What is required ->
Without including any pictures, write out the listing below exactly.

Source material ->
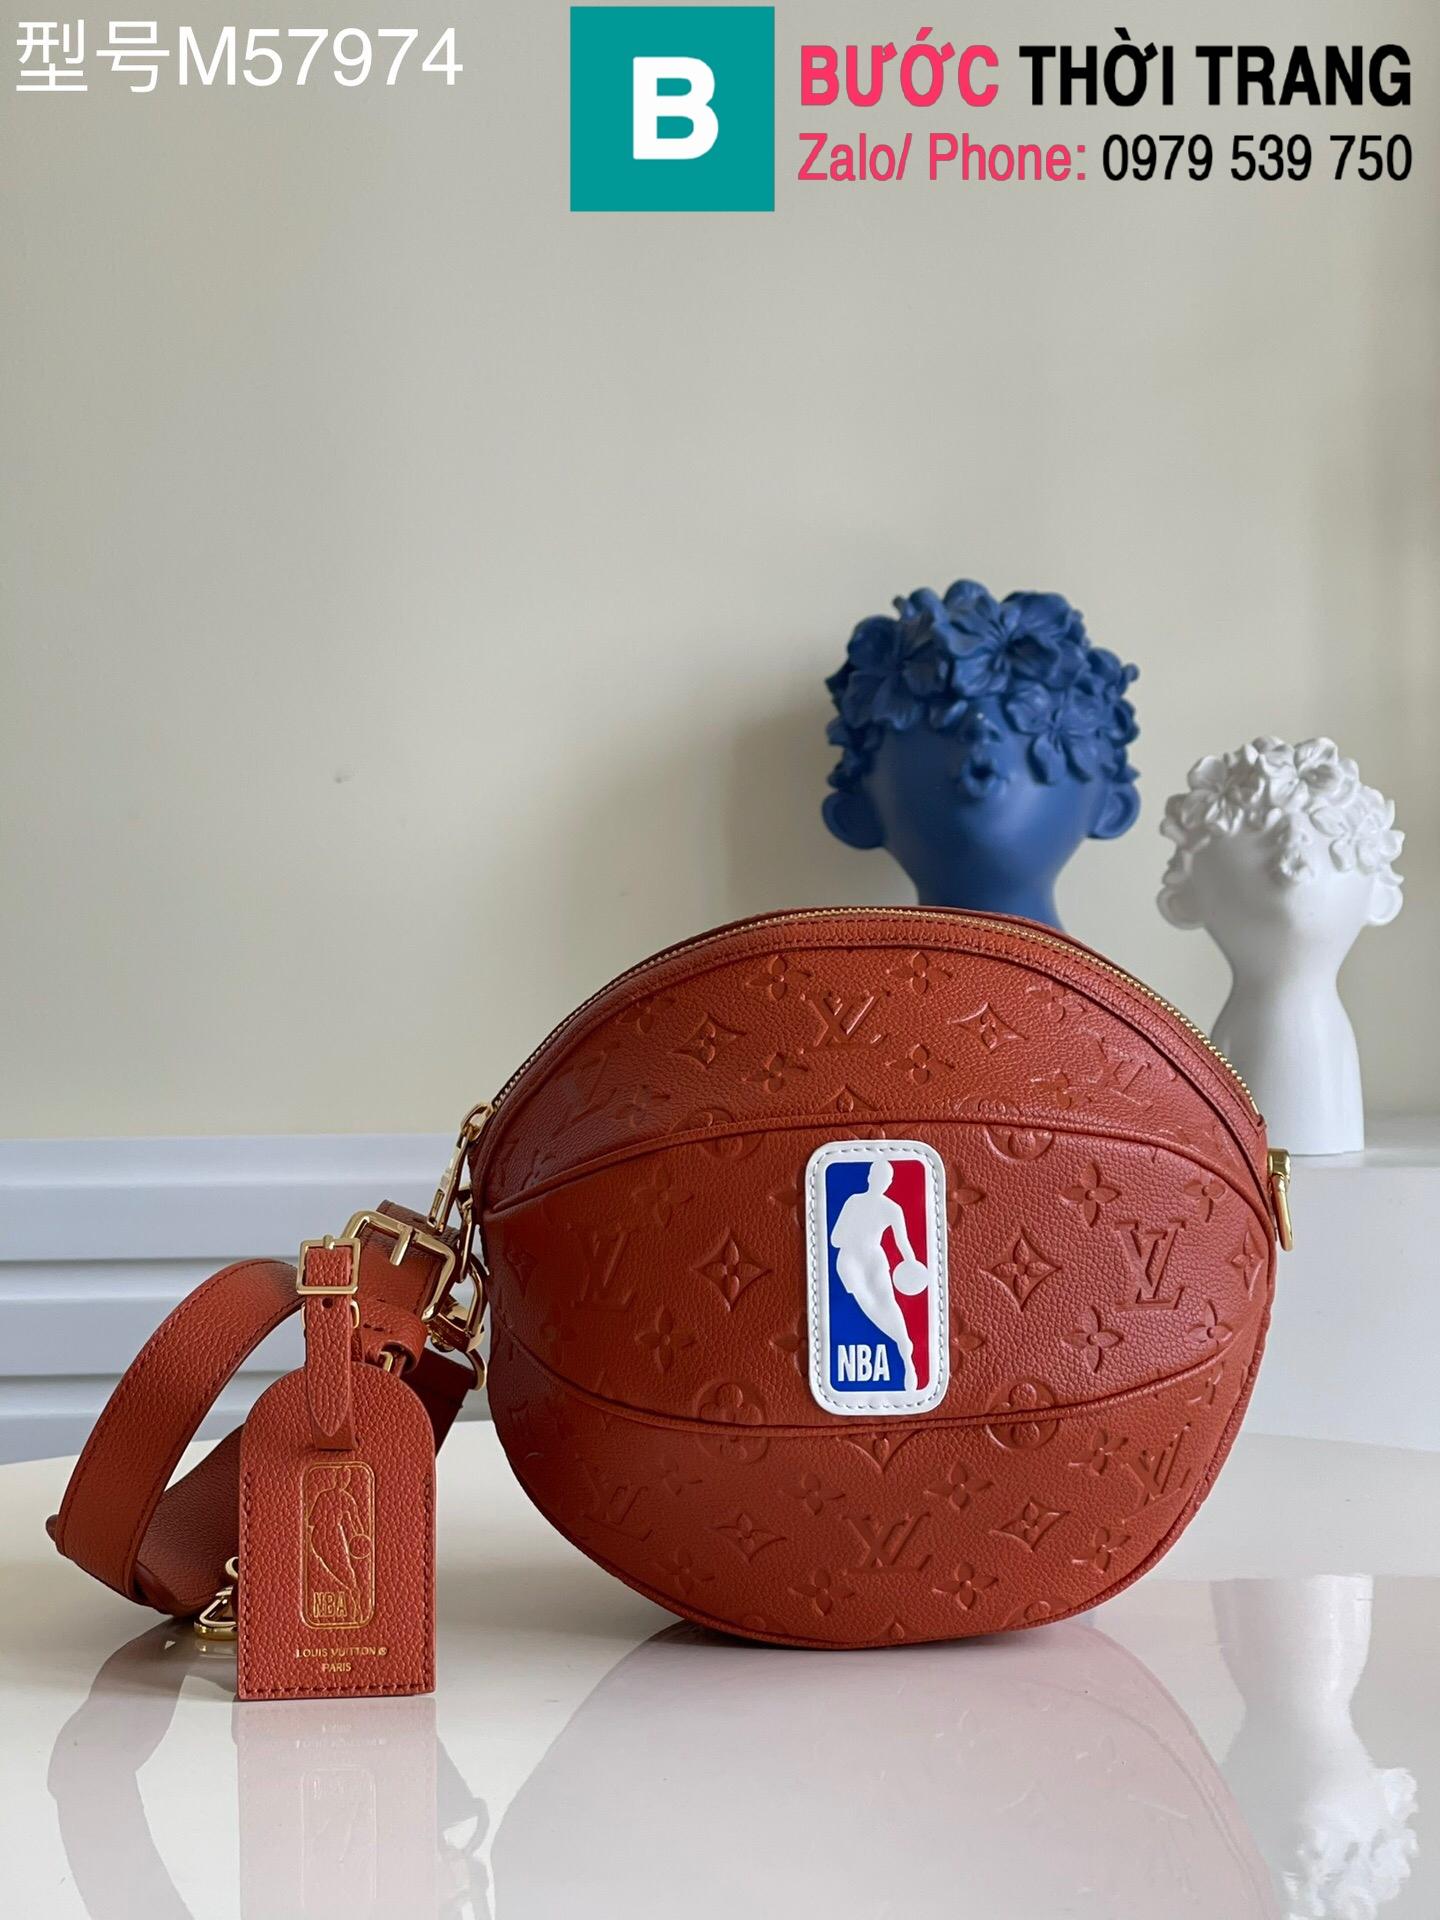 Túi xách Louis Vuitton Lvxnba Ball in basket (1)
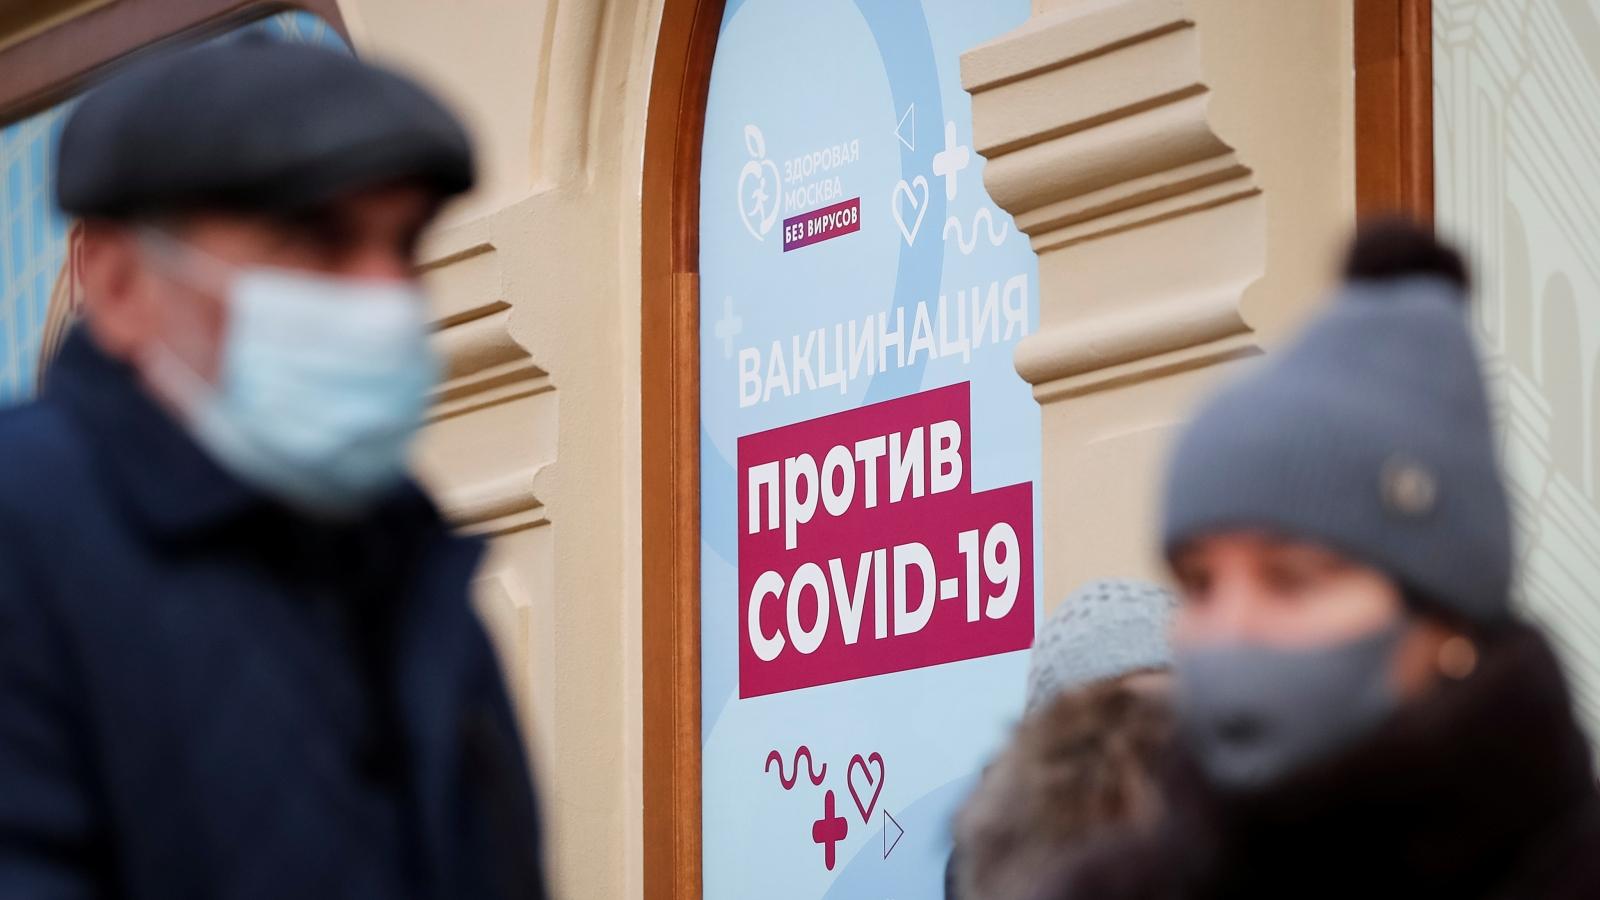 Nga ghi nhận số ca tử vong Covid-19 trong ngày cao kỷ lục do biến thể Delta lây lan nhanh
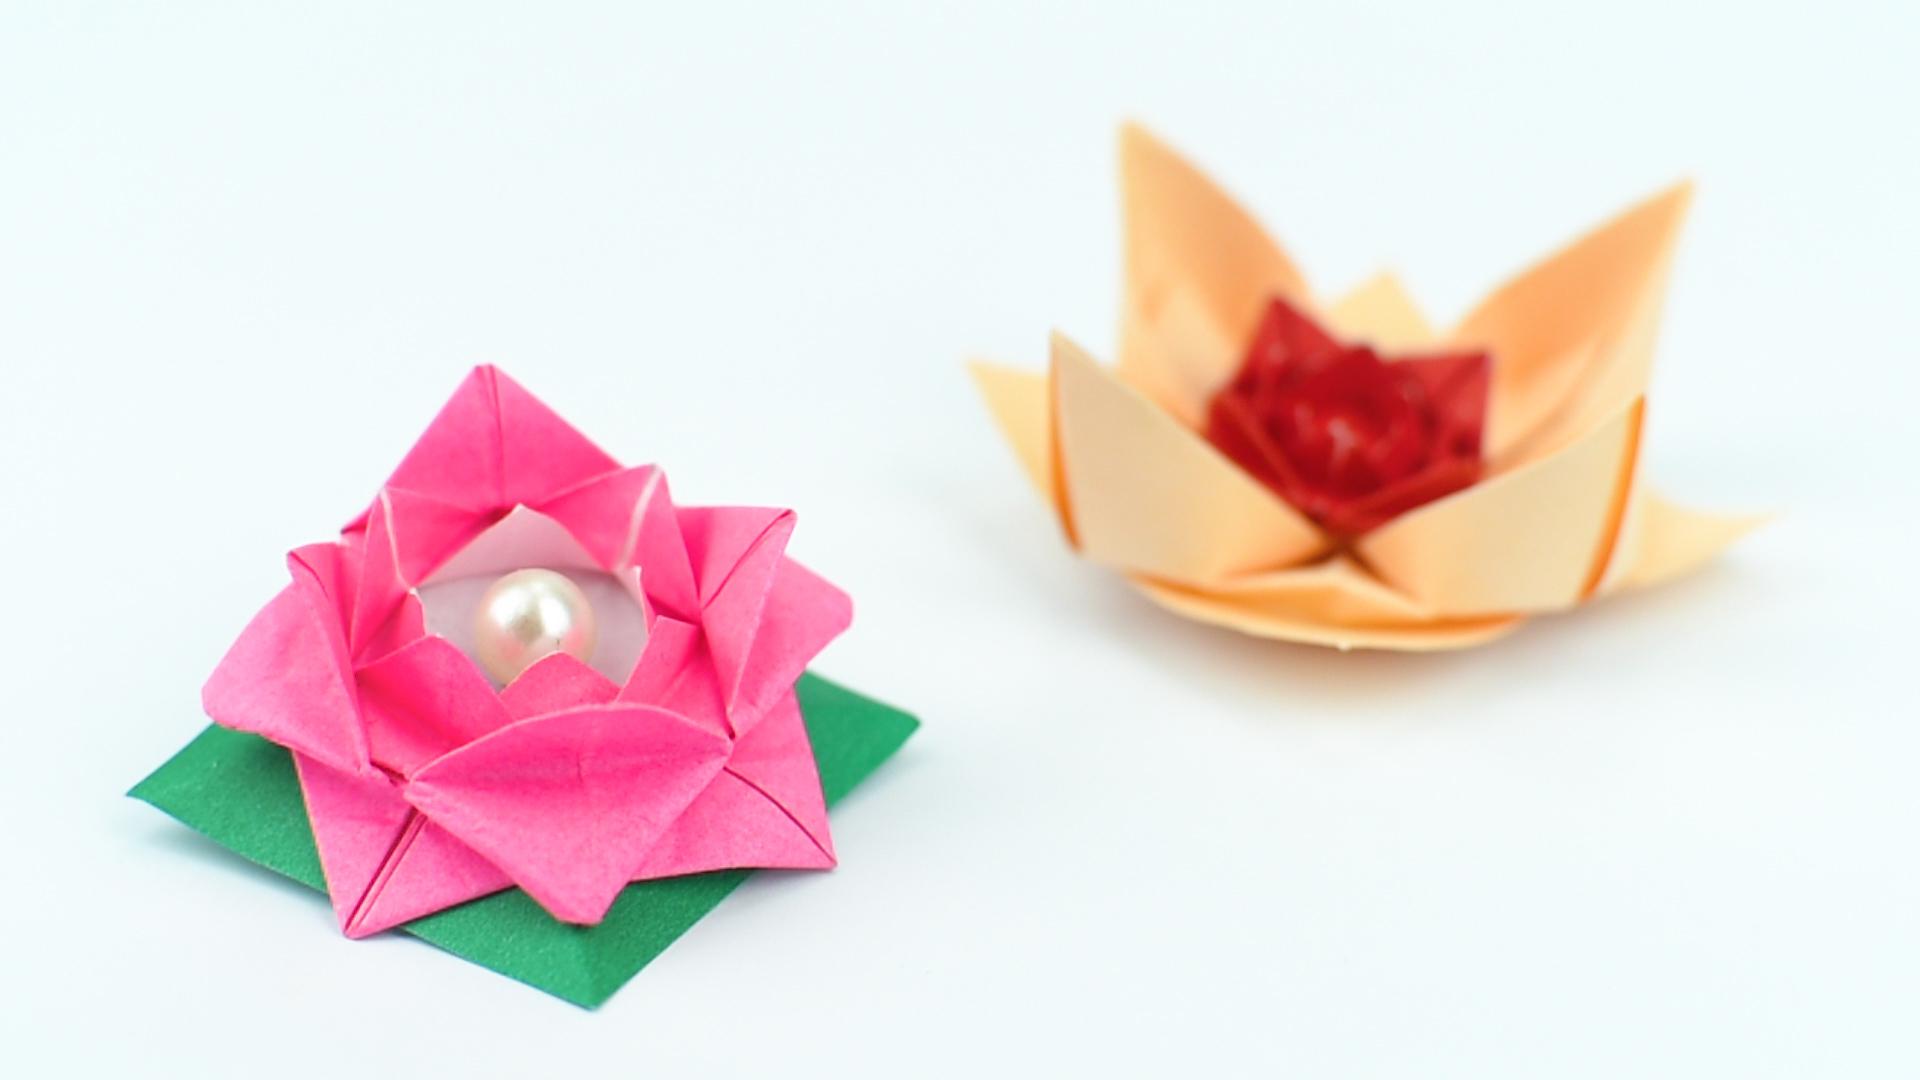 3 Manières De Faire Un Origami - Wikihow dedans Origami Rose Facile A Faire

Problem solution ->
 Túi xách Louis Vuitton Lvxnba Ball in basket (1)
 Nga ghi nhận số ca tử vong Covid-19 trong ngày cao kỷ lục do biến thể Delta lây lan nhanh
 3 Manières De Faire Un Origami - Wikihow dedans Origami Rose Facile A Faire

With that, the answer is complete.